RECORDS SHOWN
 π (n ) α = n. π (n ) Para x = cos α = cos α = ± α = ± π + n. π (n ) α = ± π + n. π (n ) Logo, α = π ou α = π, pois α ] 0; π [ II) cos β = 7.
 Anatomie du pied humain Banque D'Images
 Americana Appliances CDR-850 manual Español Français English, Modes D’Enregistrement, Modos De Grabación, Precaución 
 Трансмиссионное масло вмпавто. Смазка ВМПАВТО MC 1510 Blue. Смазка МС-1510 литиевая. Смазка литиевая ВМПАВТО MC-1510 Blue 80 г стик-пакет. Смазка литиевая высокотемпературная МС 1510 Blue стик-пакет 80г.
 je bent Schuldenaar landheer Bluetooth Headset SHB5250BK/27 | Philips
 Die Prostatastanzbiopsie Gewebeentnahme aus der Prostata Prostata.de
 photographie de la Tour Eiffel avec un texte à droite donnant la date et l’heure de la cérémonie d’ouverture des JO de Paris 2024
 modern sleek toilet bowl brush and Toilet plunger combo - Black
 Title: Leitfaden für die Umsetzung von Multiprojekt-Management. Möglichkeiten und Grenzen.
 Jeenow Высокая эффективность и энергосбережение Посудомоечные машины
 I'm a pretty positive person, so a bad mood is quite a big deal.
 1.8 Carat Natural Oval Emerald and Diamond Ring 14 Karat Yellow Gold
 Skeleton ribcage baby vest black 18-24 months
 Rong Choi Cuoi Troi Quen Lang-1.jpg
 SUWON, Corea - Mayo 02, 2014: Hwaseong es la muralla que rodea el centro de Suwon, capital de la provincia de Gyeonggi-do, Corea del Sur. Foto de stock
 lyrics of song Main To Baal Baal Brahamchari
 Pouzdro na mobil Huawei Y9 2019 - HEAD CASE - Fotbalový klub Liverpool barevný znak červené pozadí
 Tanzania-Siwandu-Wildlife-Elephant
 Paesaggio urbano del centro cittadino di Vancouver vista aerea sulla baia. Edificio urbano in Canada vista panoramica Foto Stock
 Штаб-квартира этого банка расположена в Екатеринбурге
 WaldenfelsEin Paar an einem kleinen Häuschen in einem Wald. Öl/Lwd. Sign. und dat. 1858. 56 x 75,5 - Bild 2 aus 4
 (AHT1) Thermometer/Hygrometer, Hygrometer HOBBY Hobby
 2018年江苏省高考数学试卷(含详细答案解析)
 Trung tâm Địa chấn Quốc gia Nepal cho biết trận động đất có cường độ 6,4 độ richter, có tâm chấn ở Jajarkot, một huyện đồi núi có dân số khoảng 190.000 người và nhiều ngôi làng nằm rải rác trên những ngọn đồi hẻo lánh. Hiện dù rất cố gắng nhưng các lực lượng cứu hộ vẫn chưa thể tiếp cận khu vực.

TASK TO CARRY OUT
Restate, please, word for word the span of records running from the first line to the line bearing "Die Prostatastanzbiopsie Gewebeentnahme", both included, and nothing outside it.

TASK SOLUTION
 π (n ) α = n. π (n ) Para x = cos α = cos α = ± α = ± π + n. π (n ) α = ± π + n. π (n ) Logo, α = π ou α = π, pois α ] 0; π [ II) cos β = 7.
 Anatomie du pied humain Banque D'Images
 Americana Appliances CDR-850 manual Español Français English, Modes D’Enregistrement, Modos De Grabación, Precaución 
 Трансмиссионное масло вмпавто. Смазка ВМПАВТО MC 1510 Blue. Смазка МС-1510 литиевая. Смазка литиевая ВМПАВТО MC-1510 Blue 80 г стик-пакет. Смазка литиевая высокотемпературная МС 1510 Blue стик-пакет 80г.
 je bent Schuldenaar landheer Bluetooth Headset SHB5250BK/27 | Philips
 Die Prostatastanzbiopsie Gewebeentnahme aus der Prostata Prostata.de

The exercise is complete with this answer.